### PROBLEM REQUIREMENTS:
In the entries below, begin at the line with "Disney Inspired Silhouette" and stop after the line with "Pratham Blue Fuchsia"; output those lines exactly and omit the pictures.

### DATA PROVIDED:
----------

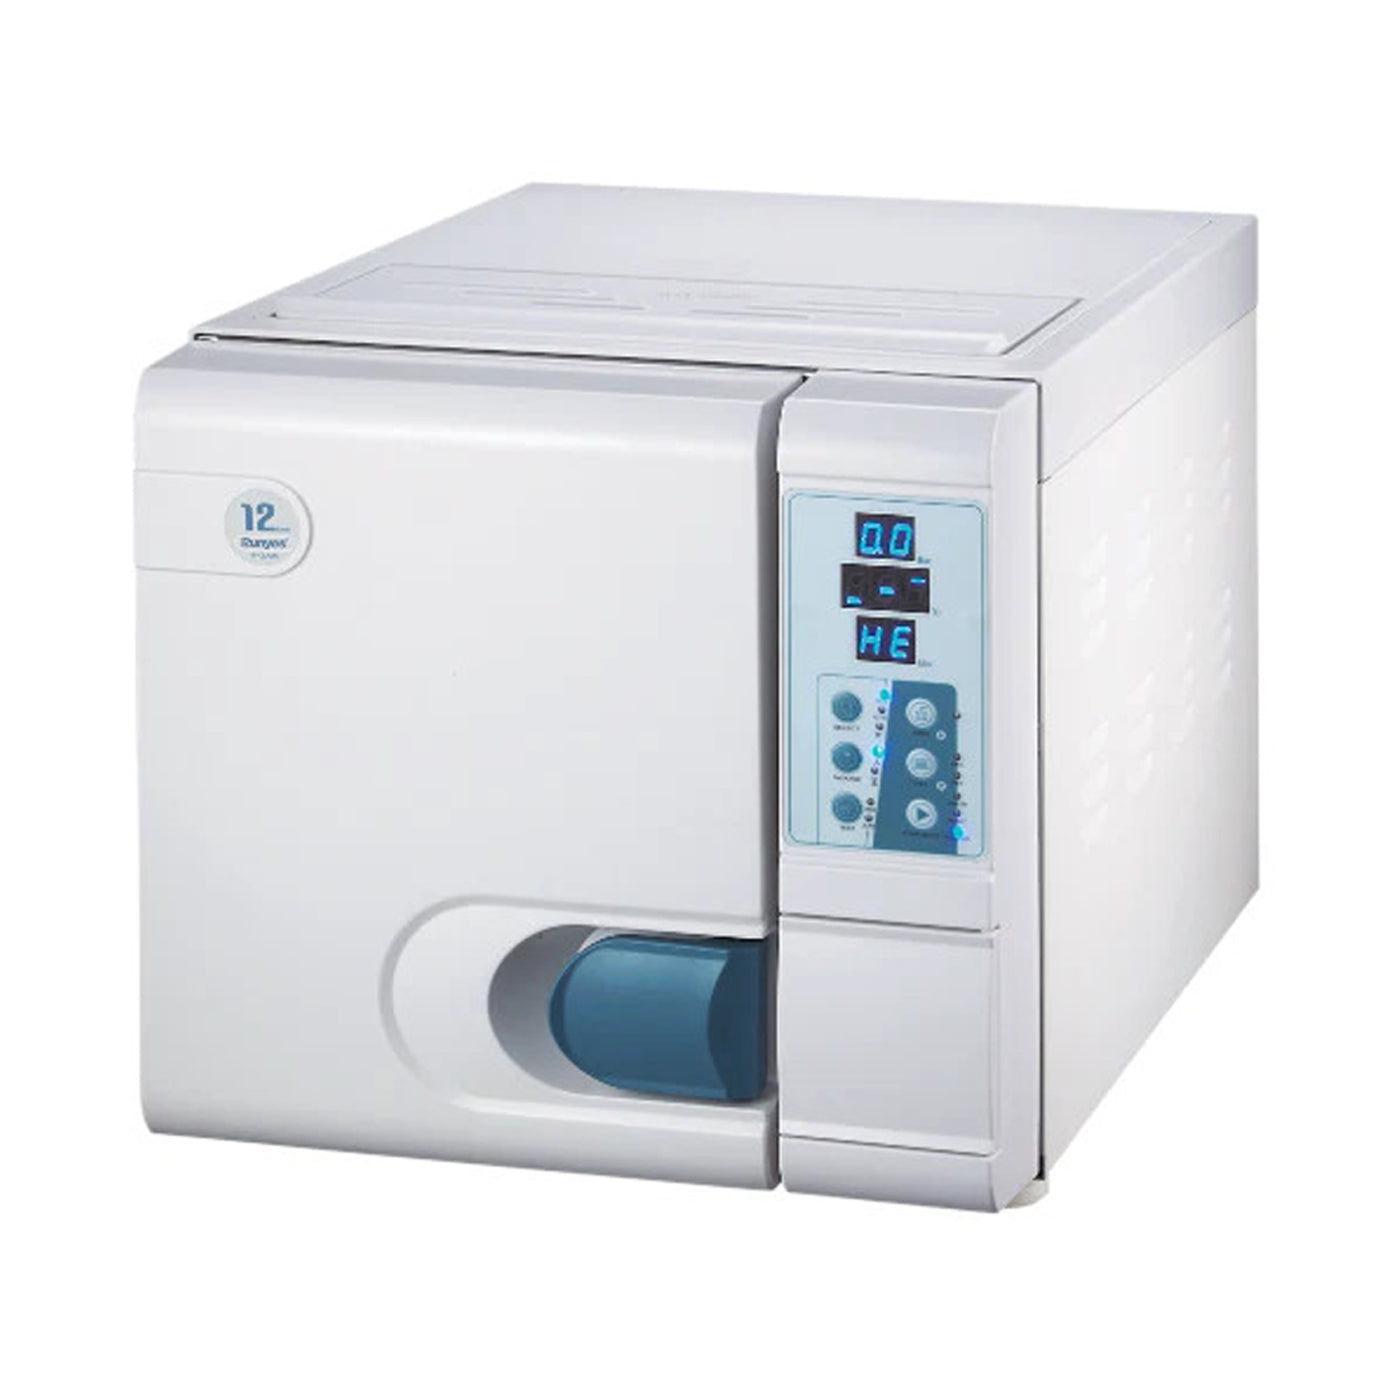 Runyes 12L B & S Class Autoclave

----------

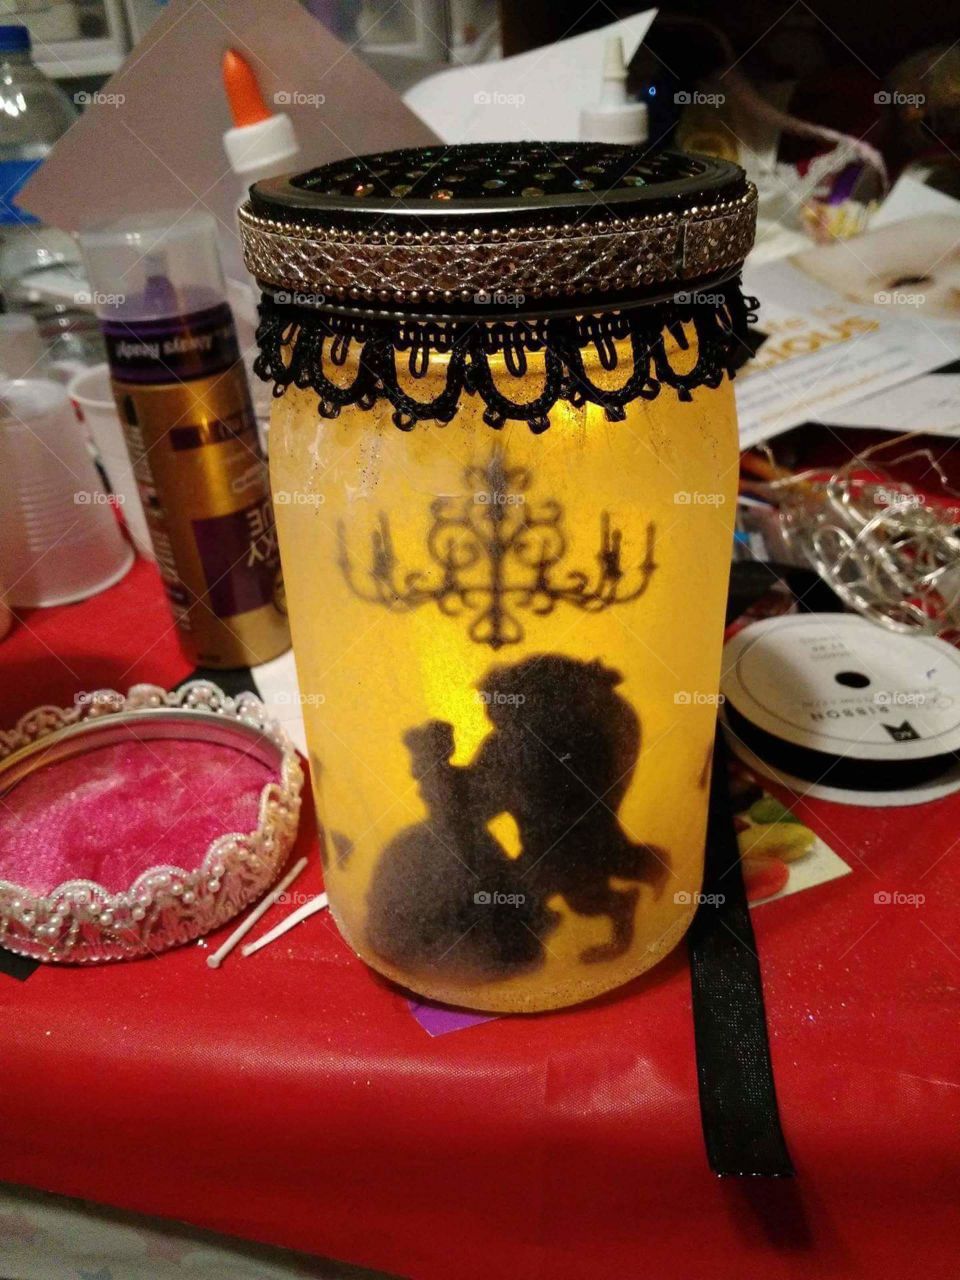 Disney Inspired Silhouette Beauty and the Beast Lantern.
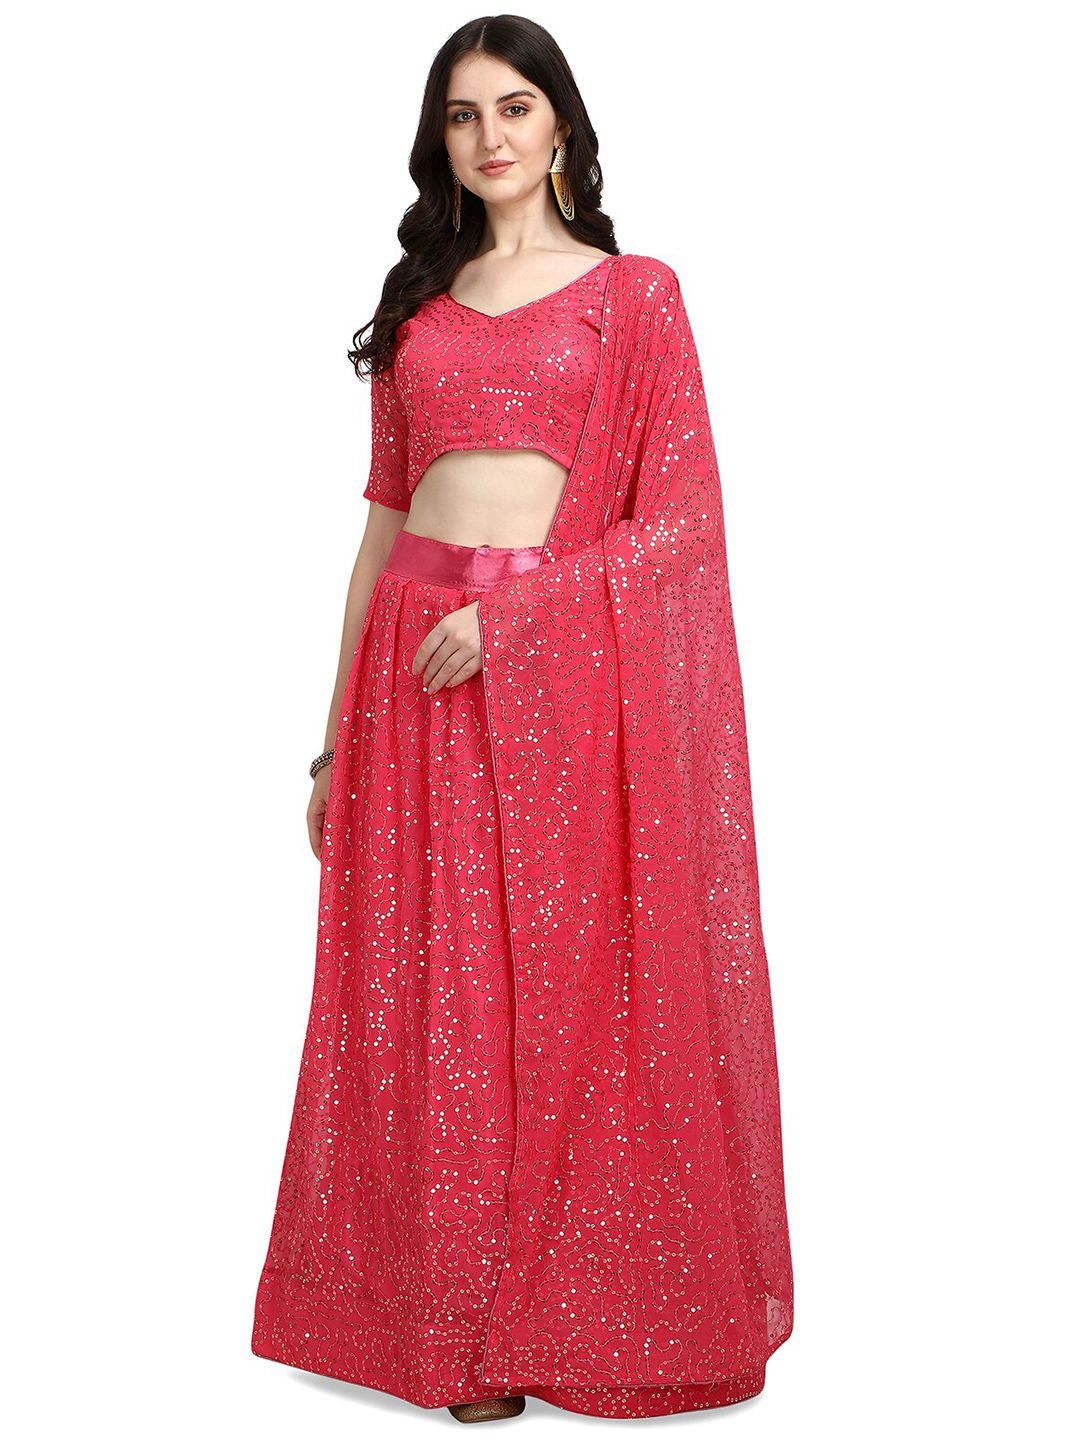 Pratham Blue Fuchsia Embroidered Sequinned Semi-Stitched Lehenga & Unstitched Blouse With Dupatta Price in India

----------

### ANSWER FOR THIS EXERCISE:
 Disney Inspired Silhouette Beauty and the Beast Lantern.
 Pratham Blue Fuchsia Embroidered Sequinned Semi-Stitched Lehenga & Unstitched Blouse With Dupatta Price in India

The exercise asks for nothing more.